Thank you for your detailed response. I have updated my score accordingly. However, I am still awaiting results from larger-scale experiments.
Thank you for your patience, for engaging in our paper's discussion and for raising your evaluation score. Please see our global response on ImageNet results. We do observe that GGDA continues to maintain significant speedups in this large scale setting.
With regards to grouping/kmeans timing, the computation of penultimate layer activation gradients for the entire training set was ~1 hour / 3600 seconds and ~ 175 seconds, 955 seconds, and 3800 seconds for grad-K-Means grouping on group sizes 1024, 256 and 64 respectively.

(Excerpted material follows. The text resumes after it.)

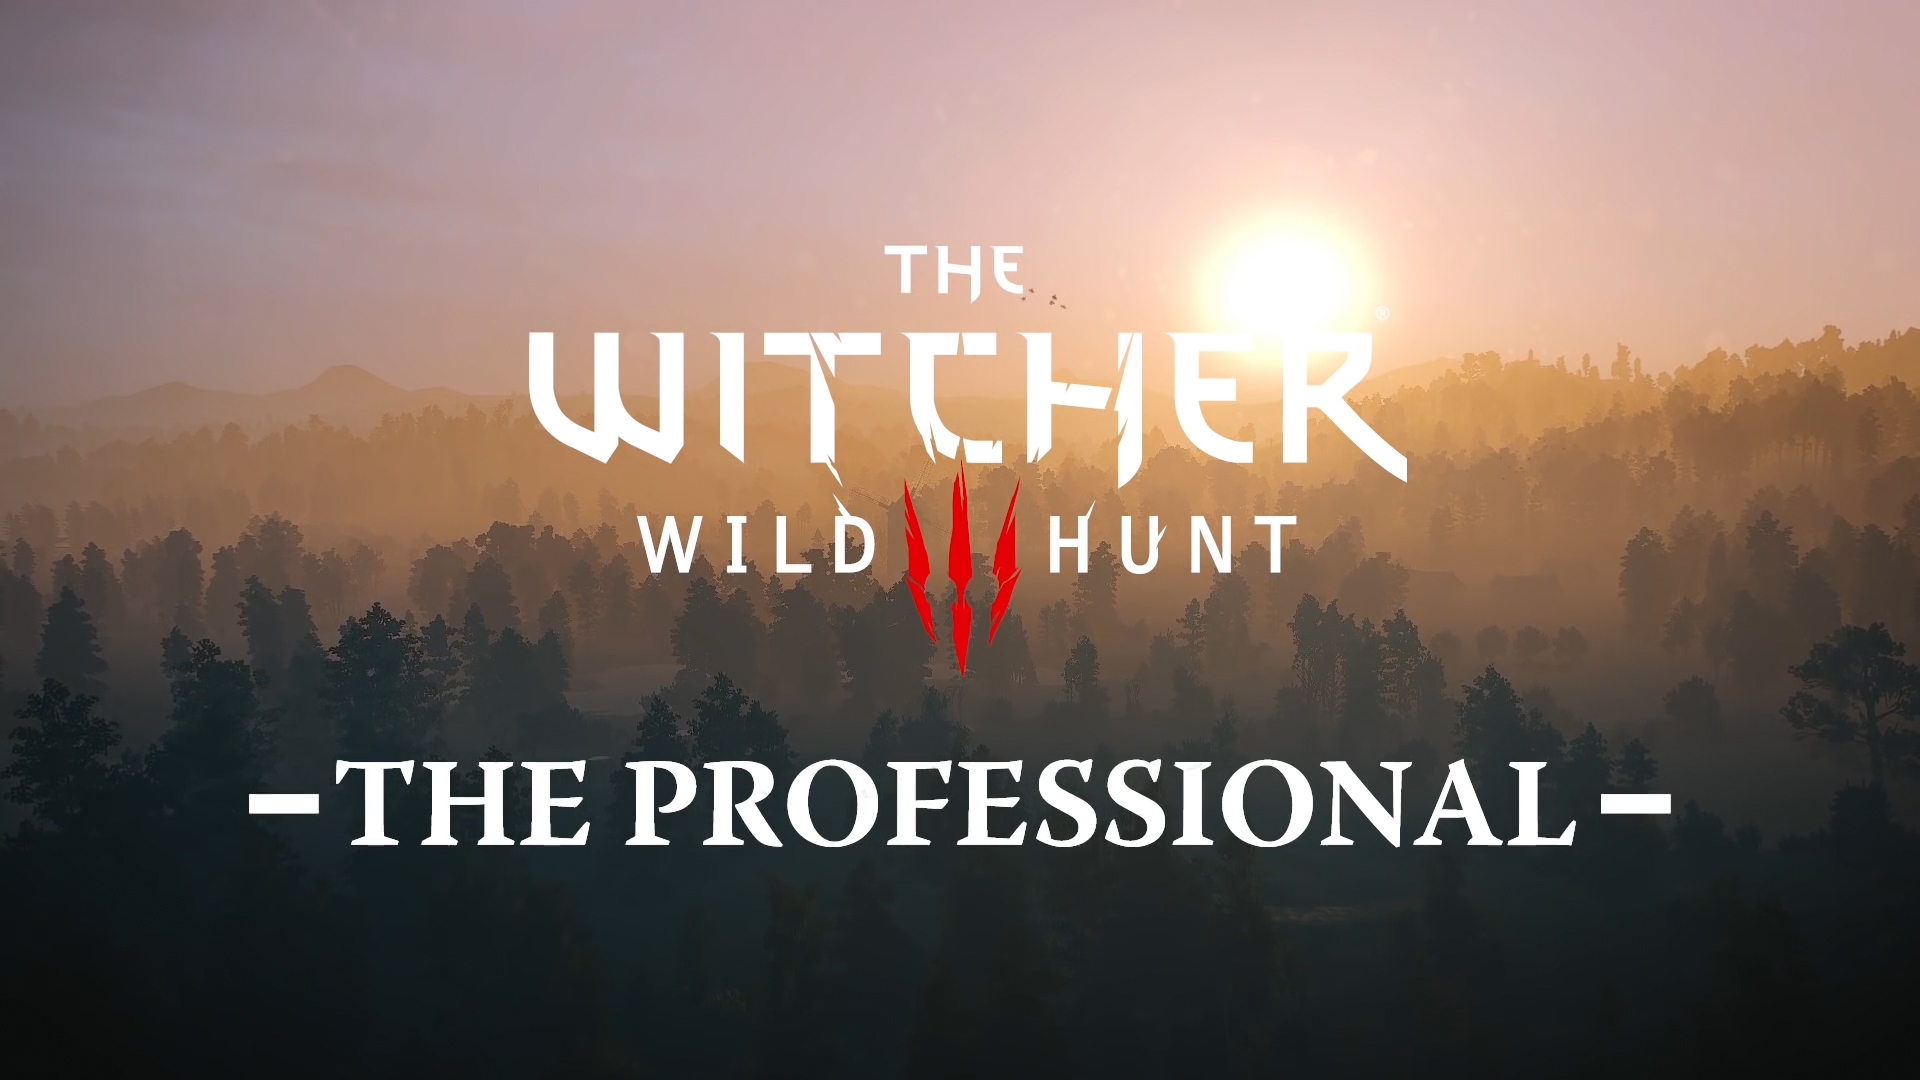 The Witcher Wild Hunt

These times are small in comparison to the overall 88,000 seconds runtime for standard DA (group size 1) and may also be considered as pre-processing steps as previously mentioned.

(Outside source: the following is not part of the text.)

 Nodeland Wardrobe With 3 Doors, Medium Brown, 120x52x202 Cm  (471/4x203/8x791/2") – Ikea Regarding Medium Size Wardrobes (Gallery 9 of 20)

Regarding evaluation, we are unable to perform retraining based evaluations in time, since training even the ResNet-18 on ImageNet requires significant runtime (>30 hours per retraining). We kindly refer to our ResNet-18 results for CIFAR-10 (Figure 2 in the pdf), where GGDA remains within +/- 0.5% test accuracy w.r.t. DA (lower test accuracy is better in the plot).

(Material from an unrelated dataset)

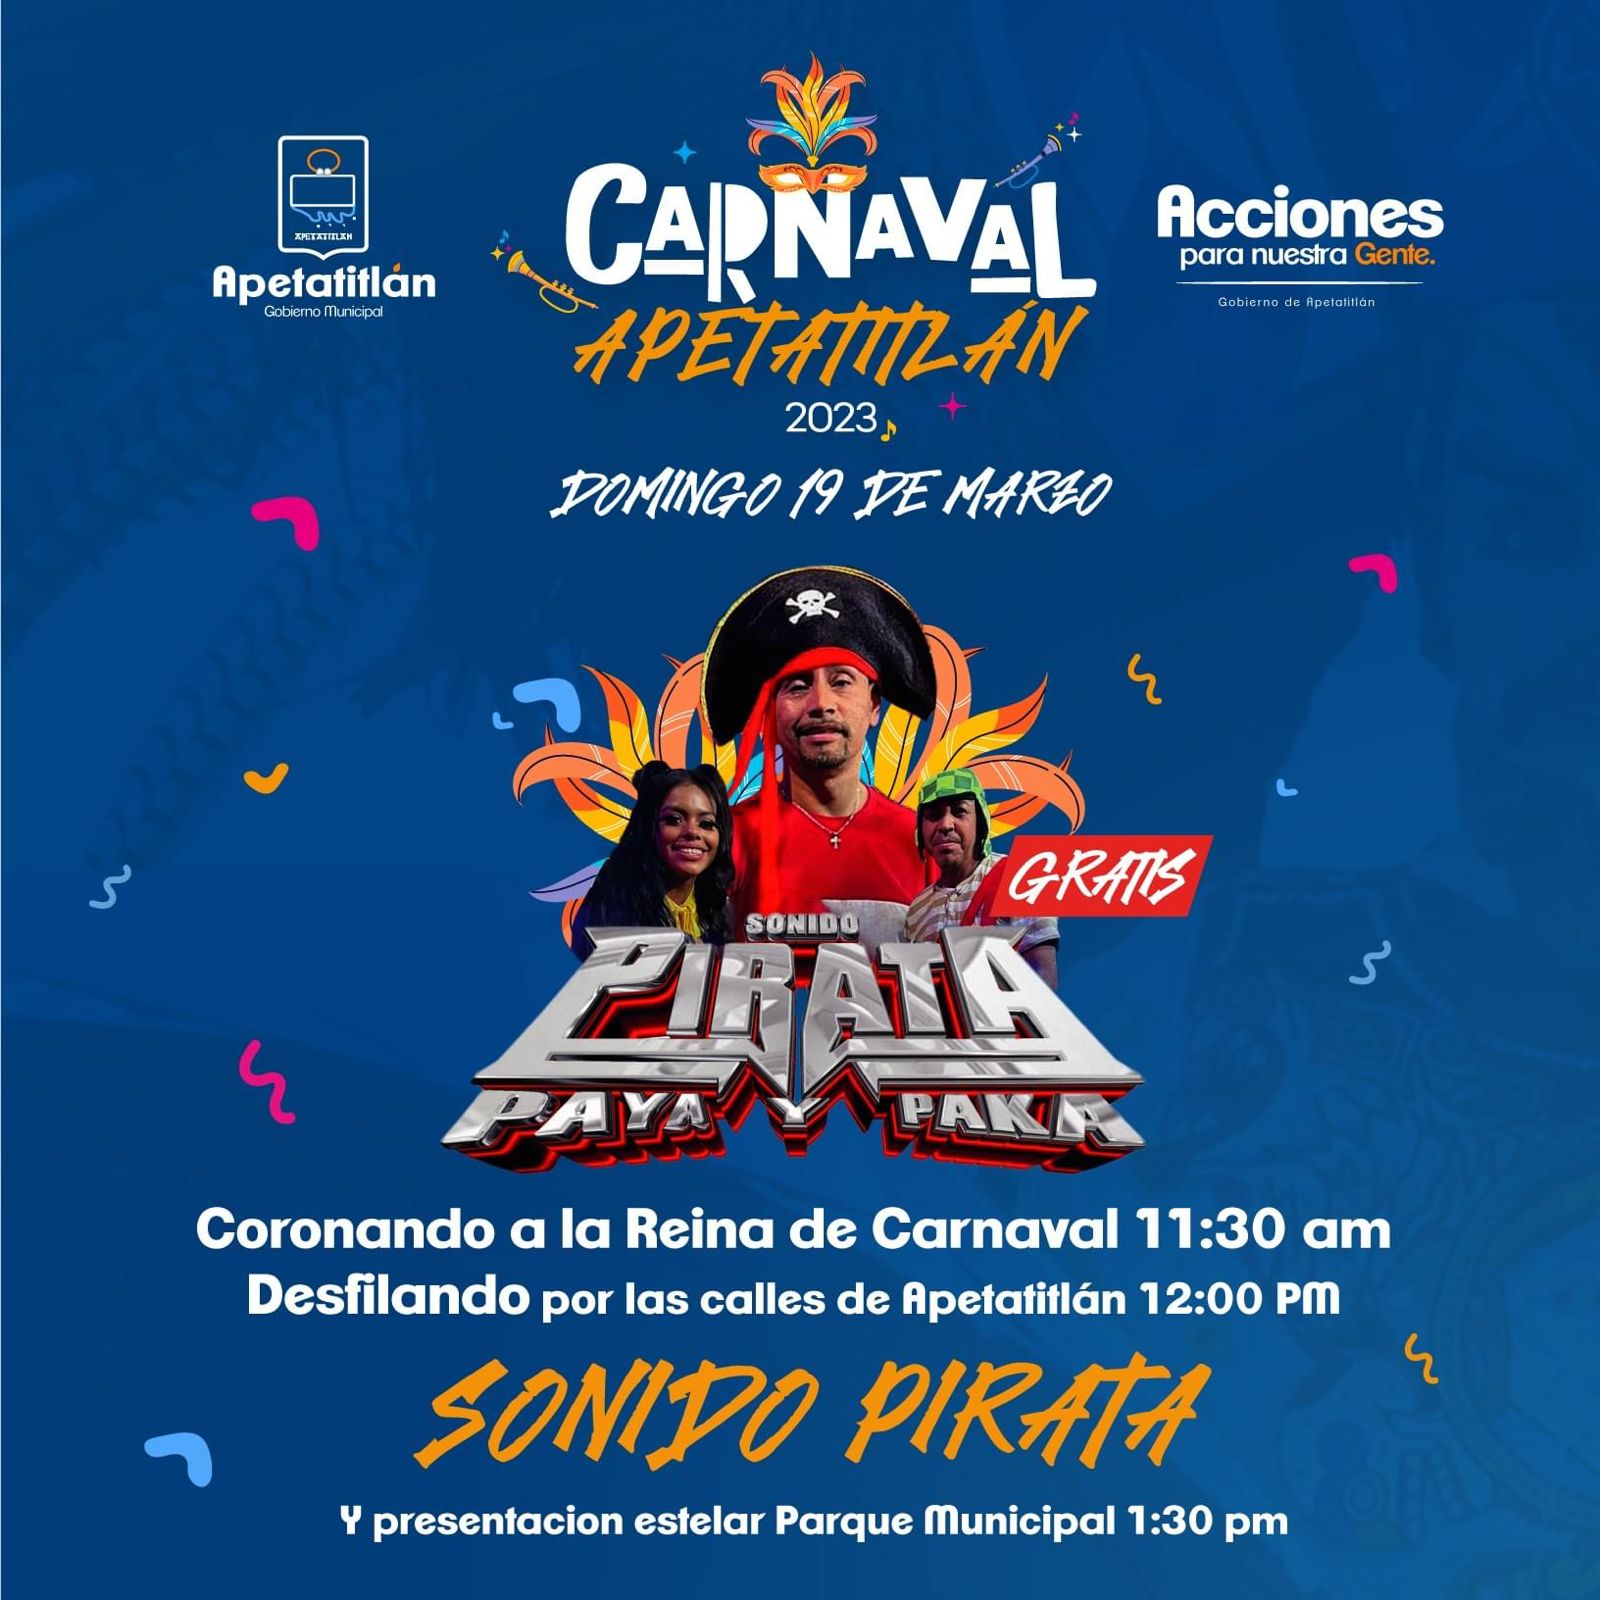 Sonido Pirata amenizará el desfile de carnaval Apetatitlan 2023

Thank you for the additional details on efficiency experiments. However, with only these results, I cannot adjust the evaluation score. I look forward to a future version with more comprehensive experiments, including retraining-based evaluations.
This paper addresses data attribution estimation, which assesses the contribution of a training sample to a model’s generalization according to a downstream performance metric. While data attribution is beneficial for tasks like data pruning and correcting mislabeled samples, it is often computationally impractical, as its demands scale linearly with the number of training samples. To tackle this, the authors propose Generalized Group Data Attribution (GGDA), which shifts attribution from individual samples to groups of samples. They demonstrate that K-means clustering on activation gradients is an effective heuristic for forming these groups. The authors reframe traditional attribution metrics, including the Leave-One-Out and gradient-based metrics, and apply GGDA to dataset pruning and noisy-label identification in small-scale experiments on MNIST, CIFAR-10, HELOC, and TRAC.
Claims
- GGDA can be applied to any sample-based data attribution method.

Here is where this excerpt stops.